I want to show intuitively that for an epimorphism to exist from $\mathbb Z_n$ to $\mathbb Z_m$, $m$ must be a divisor of $n$. Since $f$ is a surjection, so every element in $\mathbb Z_m$ generates a fibre in $\mathbb Z_n$, i.e. a collection of elements in domain that map to a specific element of codomain, note that the fibre $f^{-1}(0_m)$ is the kernel of the homomorphism and the other fibres are simply the cosets of $\ker f$ in $\mathbb Z_n$, now since these cosets are equal in size and disjoint, so each coset contains $\frac{|\mathbb Z_n|}{|\mathbb Z_m|}$ elements, but it must be an integer, so $m$ must divide $n$. Also we can construct easily an epimorphism if $m\mid n$. Is my intuition correct?

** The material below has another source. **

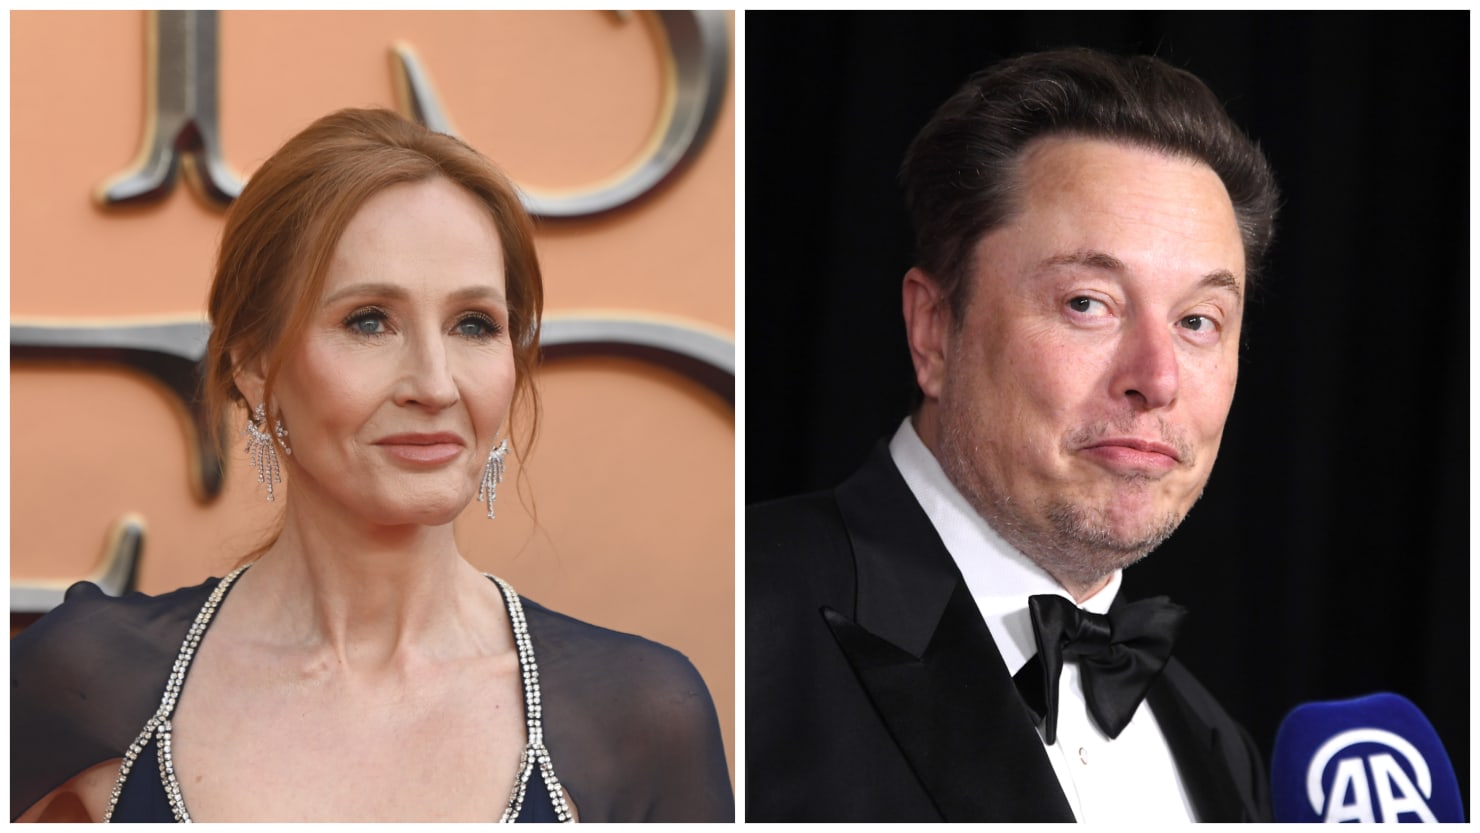 Elon Musk Calls for J.K. Rowling to Shift Focus from Anti-Trans Views

An epimorphism from $\mathbb Z_n$ to $\mathbb Z_m$ exists iff $m\mid n$.
abstract-algebragroup-theoryintuitionsolution-verification
Best Answer
This can be seen in more than one way. For instance:
The image of a cyclic group $G$ under a morphism $f:G\rightarrow H$ must be itself cyclic. In fact if $g$ is a generator of $G$ it is straightforward to check that $f(G)$ is generated by $f(g)$. Now, if $G$ is finite of order $n$, then $n\cdot g=1_G$ and so $n\cdot f(g)=f(n\cdot g)=f(1_G)=1_H$. Hence the order of $f(G)$ divides $n$.
If $f:{\Bbb Z}_n\rightarrow{\Bbb Z}_m$ is a surjective morphism $f(\bar 1)=\bar a$ must be a generator of ${\Bbb Z}_m$. But $\bar1=\overline{n+1}$ so we need to have $m$ be a divisor of $(n+1)a-a=na$ and so $m$ divides $n$ since ${\rm gcd}(a,m)=1$.
Given a morphism $f:G\rightarrow H$ we know that $f(G)\simeq G/\ker(f)$. If $G$ is finite the argument leadng to Lagrange's theorem shows that $|G|=|f(G)|\cdot|\ker(f)|$.